Мы вышли рано. Ванька нёс крынку, я — каравай в тряпице. Утро было тёплое, над огородами стлался туман, и трава у дороги ещё блестела от росы.
Ванька шёл молча, чуть впереди. Синяк у него перешёл в жёлтое, и от этого лицо казалось старше. Он не жаловался — ни вчера, ни сегодня. Только один раз, у поворота к огородам Митрохиных, оглянулся на меня и спросил:
— Мам, а если кто увидит?
— Увидит — и увидит. Ничего страшного.
Он кивнул и пошёл дальше.
Вера открыла не сразу. Сначала из-за двери донёсся голос — детский, девчоночий: «Мам, там тётя та пришла». Потом шаги, и дверь отворилась.
— Здравствуйте, Любовь.
— Здравствуй. Мы ненадолго.
Она посмотрела на Ваньку. Он стоял с крынкой, прижимая её к животу обеими руками, — серьёзный, насупленный.
— Заходите.
***
В избе пахло дымом и кашей. Васька, младший, сидел на лавке и грыз сухарь. Танька стояла у печи, держала ухват — видно, помогала матери. Девочке было лет десять, худенькая, с тонкими запястьями, и на меня она смотрела так, как смотрят дети, которые привыкли к чужим людям только в плохом.
— Где Григорий? — спросила я.
— С утра ушёл. Опять в контору.
Вера сказала это без раздражения, без надрыва. Просто как факт. Я поставила хлеб на стол. Ванька — крынку рядом. Васька перестал грызть сухарь и уставился на крынку с молоком.

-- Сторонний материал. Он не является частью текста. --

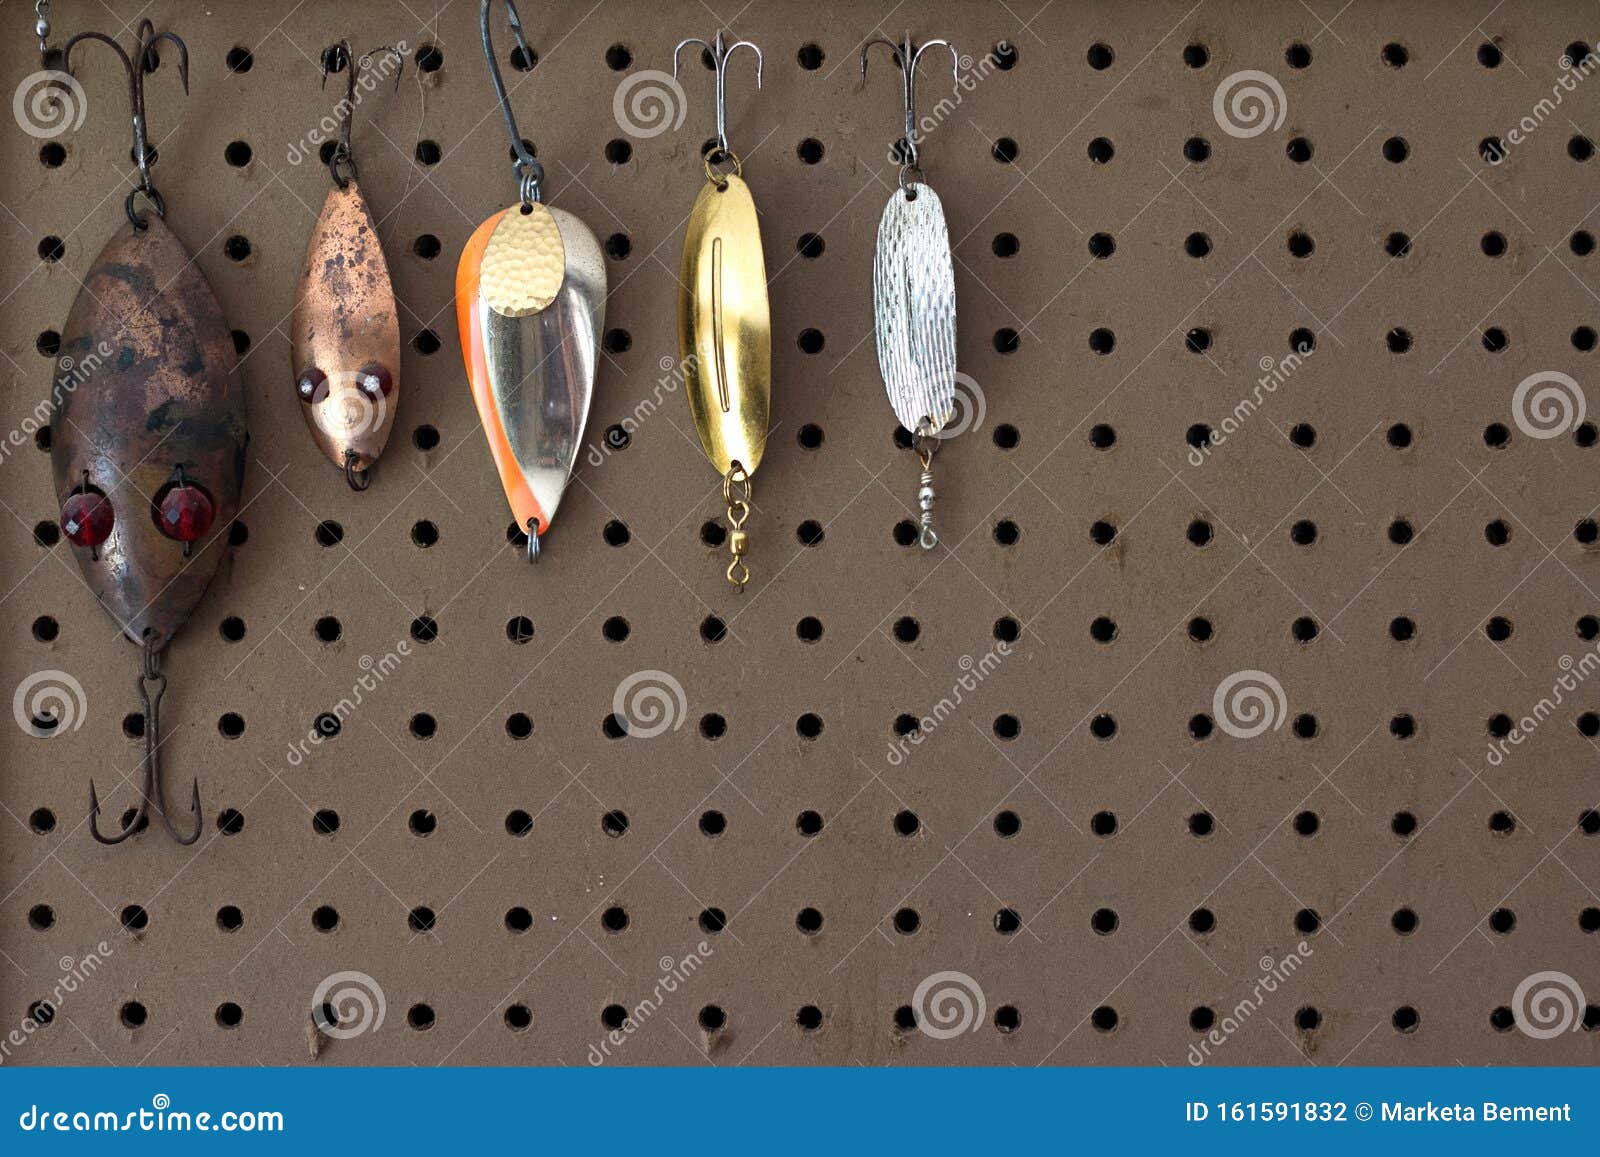 Old Shiny Vintage Fishing Lures Display Stock Photo - Image of close,  closeup: 161591832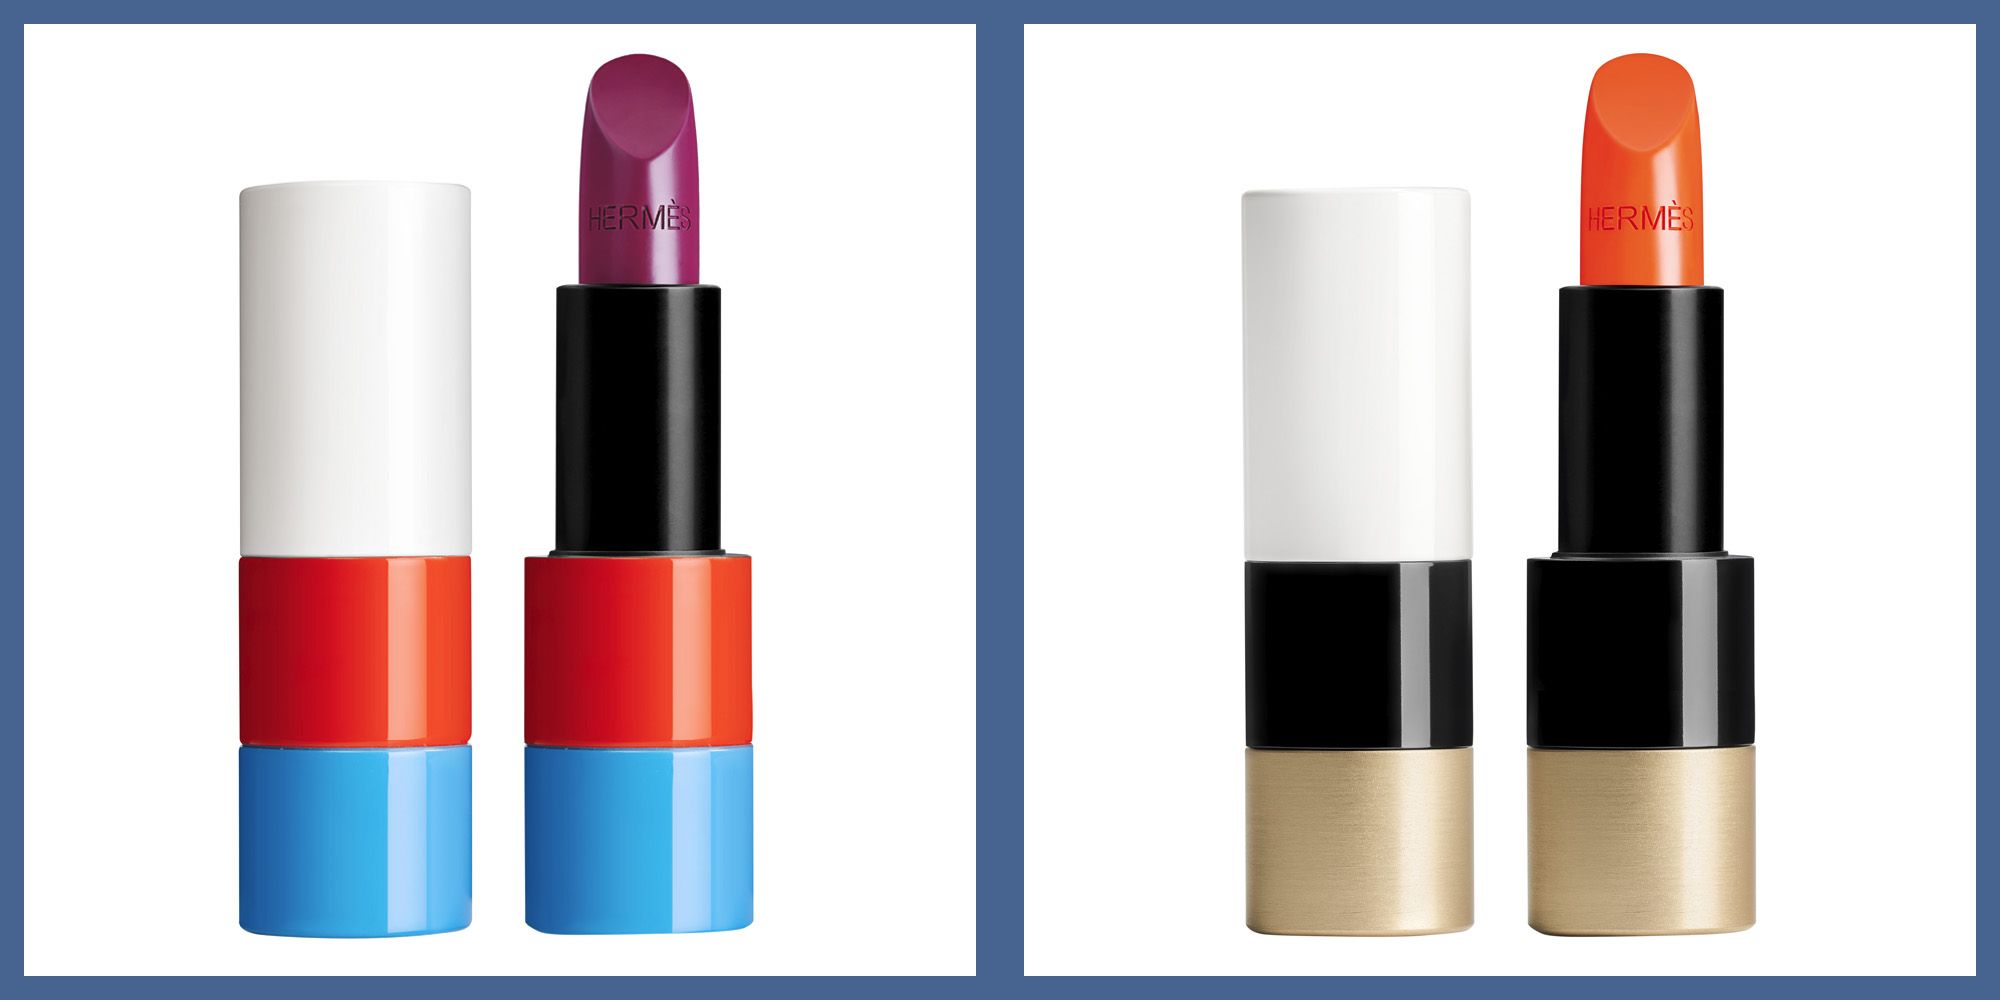 NEW Hermes Lipstick Sample 0.007 oz. CHOOSE YOUR COLOR!

— Пусть дети поедят, — сказала я.
Вера кивнула. Разлила молоко в две кружки — медленно, аккуратно, будто делила последнее. Может, и делила.
Ванька присел на порог, в сенях. Танька покосилась на него и отвернулась. Потом покосилась ещё раз — уже дольше.
Мы с Верой вышли на крыльцо.
Сели на ступеньки. Она долго молчала, потом сказала:
— Вчера к нам баба Таня приходила.
— Зачем?
— Сказала — не обижайтесь, мол, я по-доброму. И давай расспрашивать: а правда ли, что Григорий раньше на складе работал, а правда ли, что вы из-за суда уехали. Я ей ничего не ответила. А она посидела, посидела — и ушла. А потом у калитки обернулась и говорит: «Вера, ты бы мужу своему сказала — пусть сам в район съездит и справку привезёт нормальную. А то люди говорят, что он прячет».
Вера посмотрела на свои руки.
— Любовь. Я вам ещё одну вещь скажу. Последнюю.
— Скажи.
— Там, в прежнем селе, когда на Григория показали… Знаете, что самое страшное было? Не то, что обвинили. А то, что все знали, кто на самом деле виноват. Все до одного. И завскладом знал этого мужика. И председатель знал. И соседи. Но когда дошло до собрания, все молчали. Потому что тот он свой. А Гриша — чужой. И проще было чужого отдать, чем своего назвать.
Она замолчала. В избе Васька стукнул кружкой о стол — допил.
— Вера, — сказала я тихо. — А тут, по-твоему, кто?
Она покачала головой.
— Я не знаю. Но я вижу то же самое. Те же глаза. То же молчание. И ту же торопливость.
— Торопливость?
— Когда людям надо побыстрее назначить виноватого — чтобы не искать настоящего.
Я встала. Крыльцо скрипнуло под моими ногами.
— Вера. Я не обещаю ничего. Но я не молчу.
Она посмотрела на меня снизу вверх. Глаза у неё были сухие.
— Я знаю, — сказала она. — Вы единственная.
***
Домой мы шли по задней тропке. Ванька шагал рядом, не впереди — как взрослый, подстраивался под мой шаг.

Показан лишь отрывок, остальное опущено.